Ken Mehlman, the former Republican National Committee chairman and campaign manager for George W. Bush's 2004 reelection bid, put a partisan cast on this issue in his coming-out interview with The Atlantic's Marc Ambinder. In private conversations over the past several years, Ambinder wrote, Mehlman "often wondered why gay voters never formed common cause with Republican opponents of Islamic jihad, which he called 'the greatest antigay force in the world right now.' " The question of whether Republicans are better than Democrats at fighting Islamic jihadism (or if such a question is even possible to answer) is a separate matter, but the advance of Islamic extremism is certainly something that gays should consider in forming their political worldview. Regardless of what one thinks about Mehlman, his latter-day embrace of the gay rights movement, or his views about the relative wisdom of Republican foreign policy, there can be no argument with his contention about the threat Islamic fundamentalism poses to gay people.

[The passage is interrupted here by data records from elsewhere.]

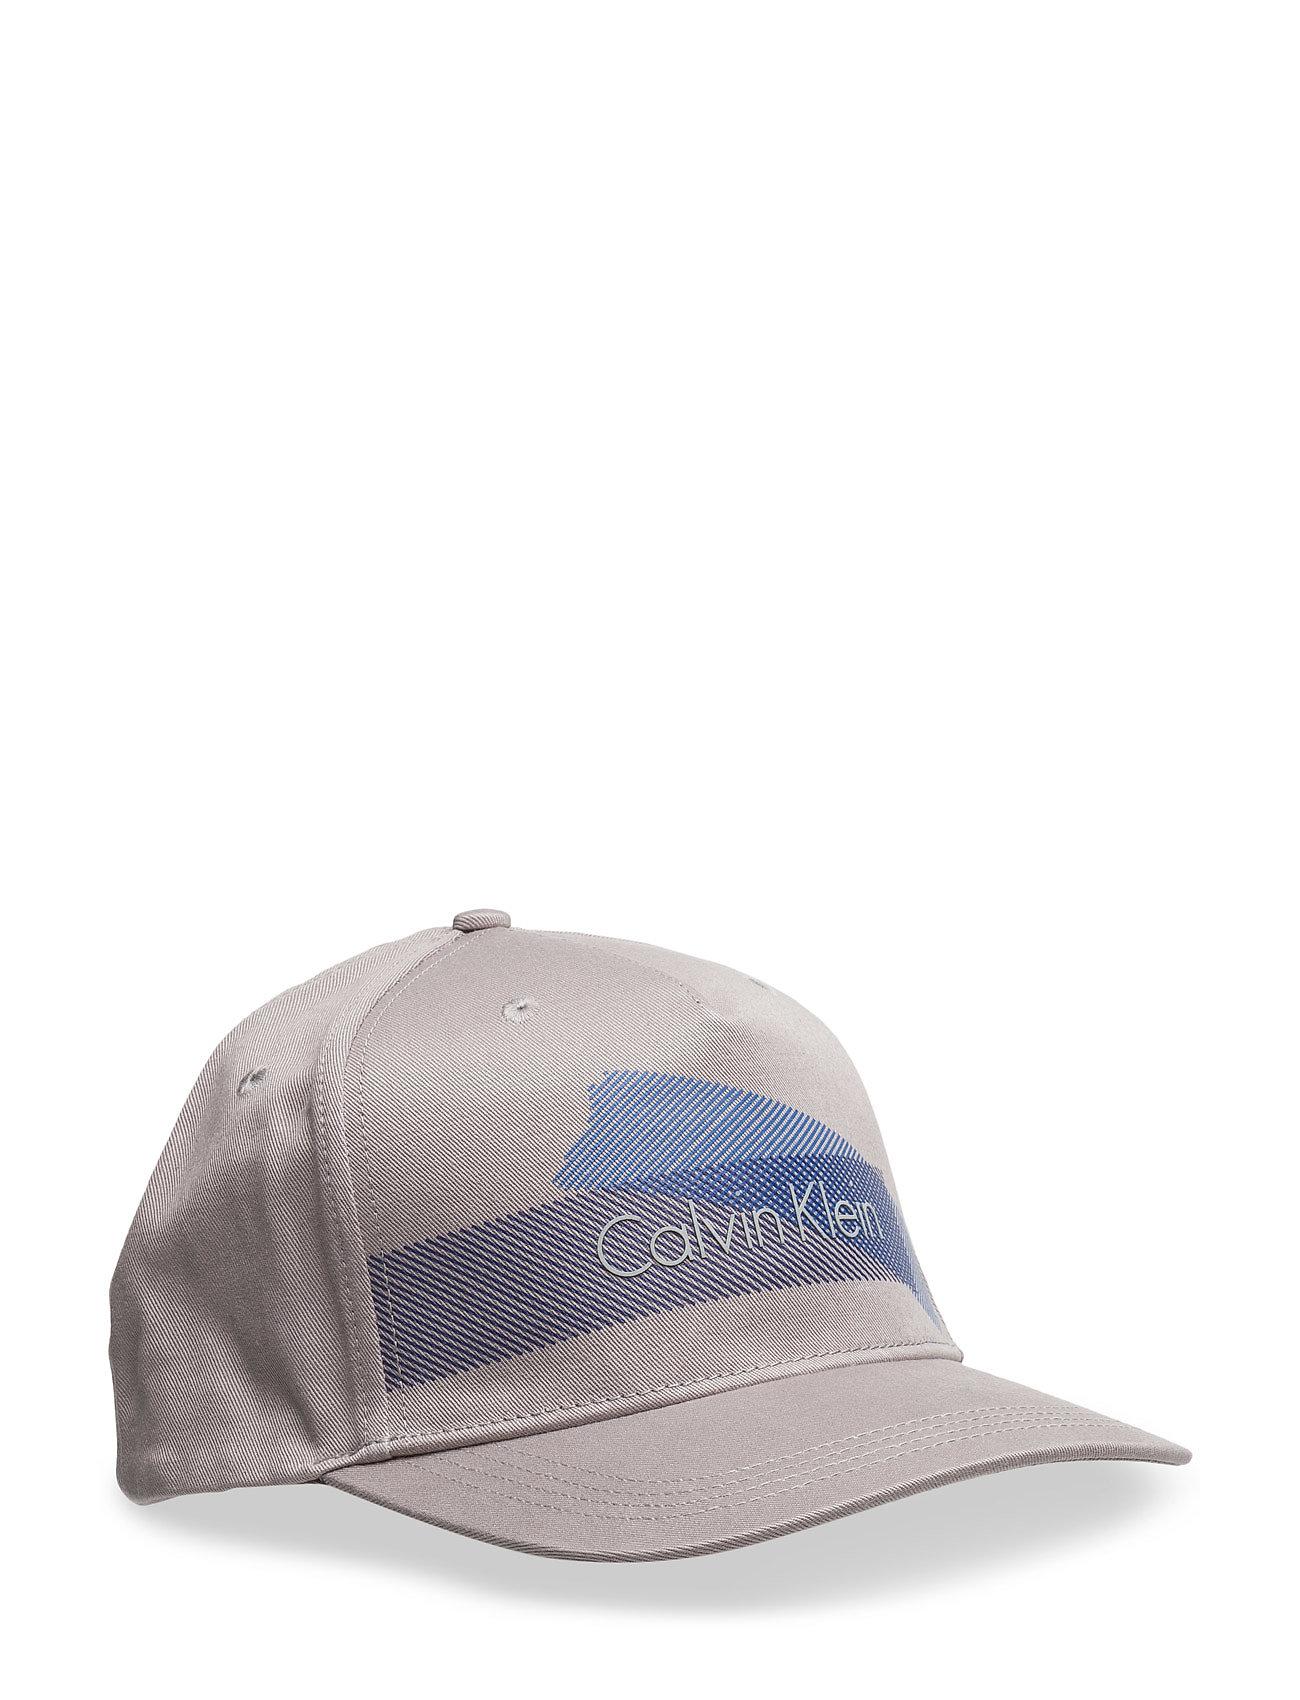 Cole Baseball Cap 64 Calvin Klein Accessories til Mænd i Sten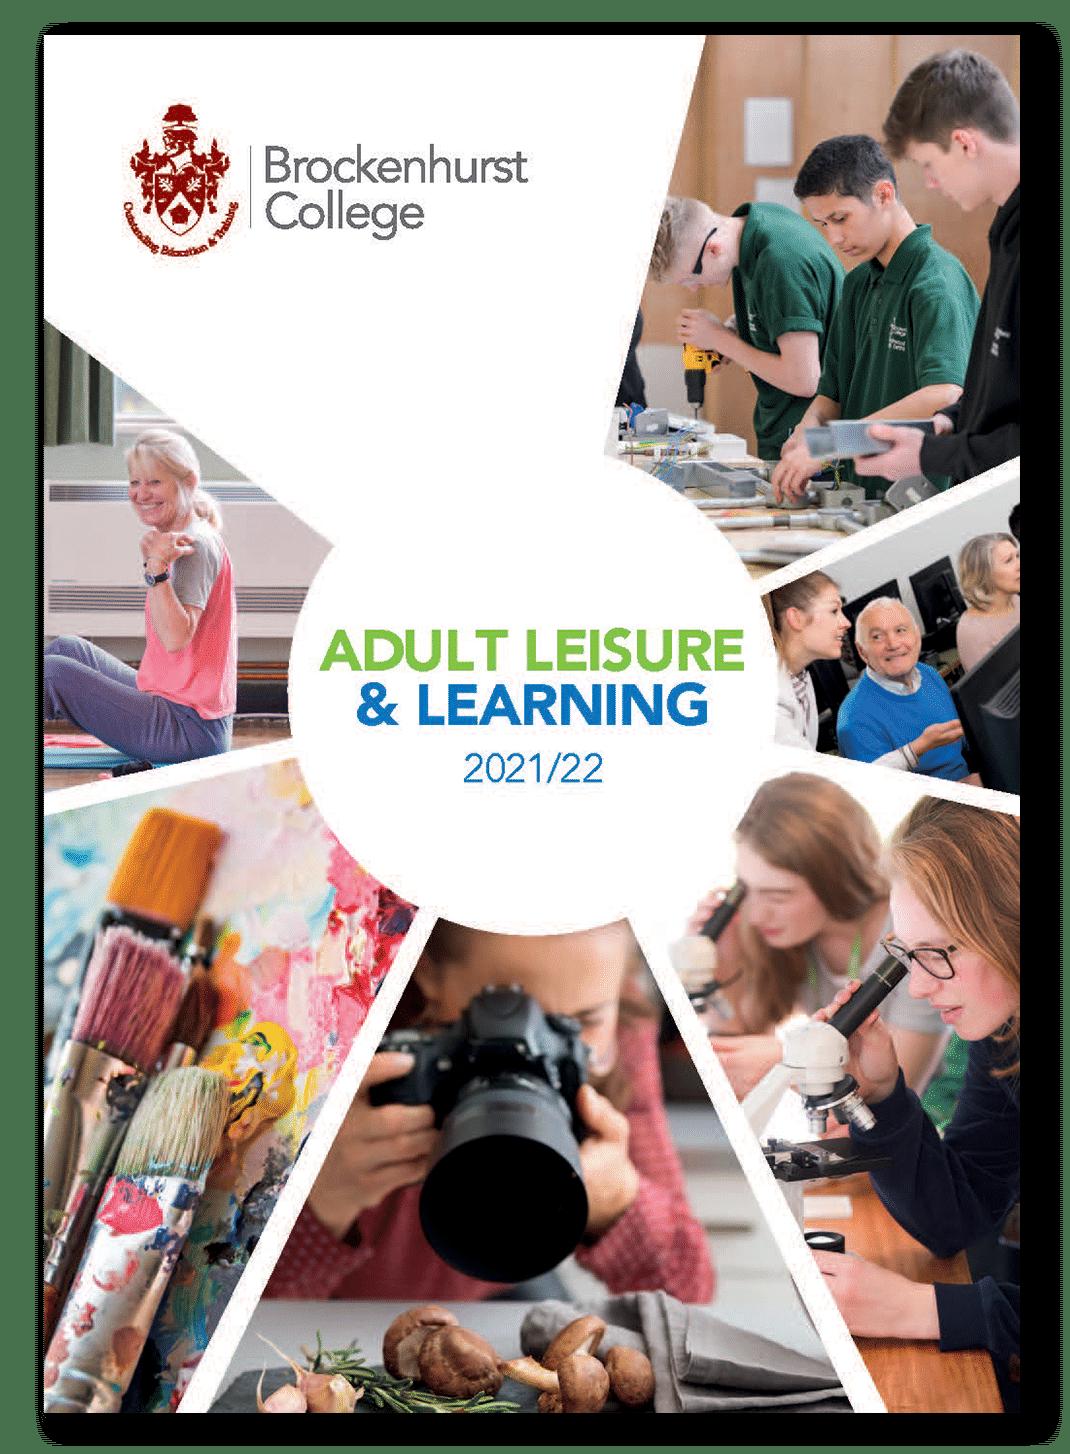 Adult Leisure & Learning Brochure 2021/22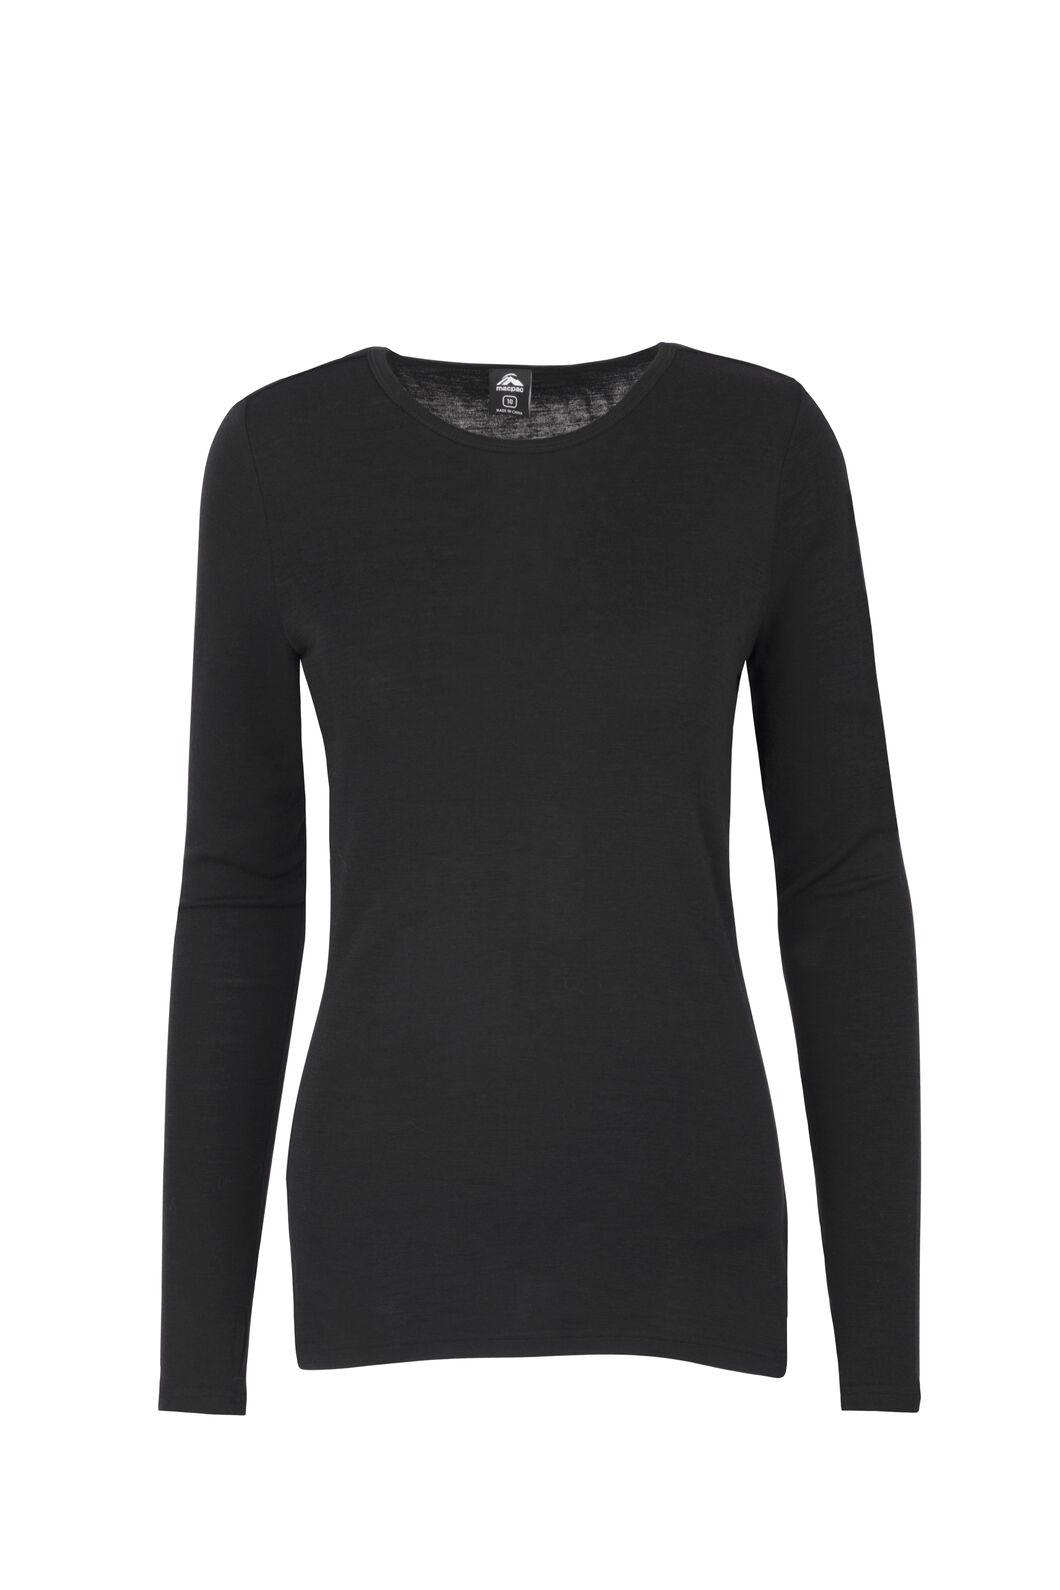 Macpac 220 Merino Long Sleeve Top — Women's, Black, hi-res

Afraid to criticize the tenets of a religion romanticized by the American left--whose practitioners are sympathetically viewed as the victims of U.S. imperialism and right-wing fearmongering--we gays have no such compunction about provoking conservative politicians and the Judeo-Christian religious community. Whenever people like Sarah Palin or Newt Gingrich--who have emerged as the most outspoken opponents of the mosque--open their mouths, gays and their allies in the liberal media condemn their bigotry and intolerance. Yet when the individual espousing views that fall short of the gay liberal threshold happens to be a Muslim, cries about fascism suddenly evaporate. As Commentary's Abe Greenwald aptly put it, "Liberals who two years ago abandoned their humdrum lives to become career alarmists about Sarah Palin's Pentecostalism now wish to be taken seriously as misty-eyed champions of America's tolerance of diverse faiths."
It used to be that provocation was seen as a positive trait, especially in the gay community. From Oscar Wilde to Larry Kramer, gay people have always been trendsetters, sometimes needlessly outrageous but nevertheless often ahead of their time. There's still an appreciation for the artistically outre--just look at the success of Lady Gaga. But her provocation titillates; it doesn't stimulate. The same goes for much of the political discourse among gays today, which assumes that posing for glamorous photo shoots with duct tape over one's mouth and the phrase "No H8" painted on one's cheek is a courageous statement. It says something about the stunted state of gay activism that it's taken a puerile Fox News host to be doing the work that gay people should be doing themselves.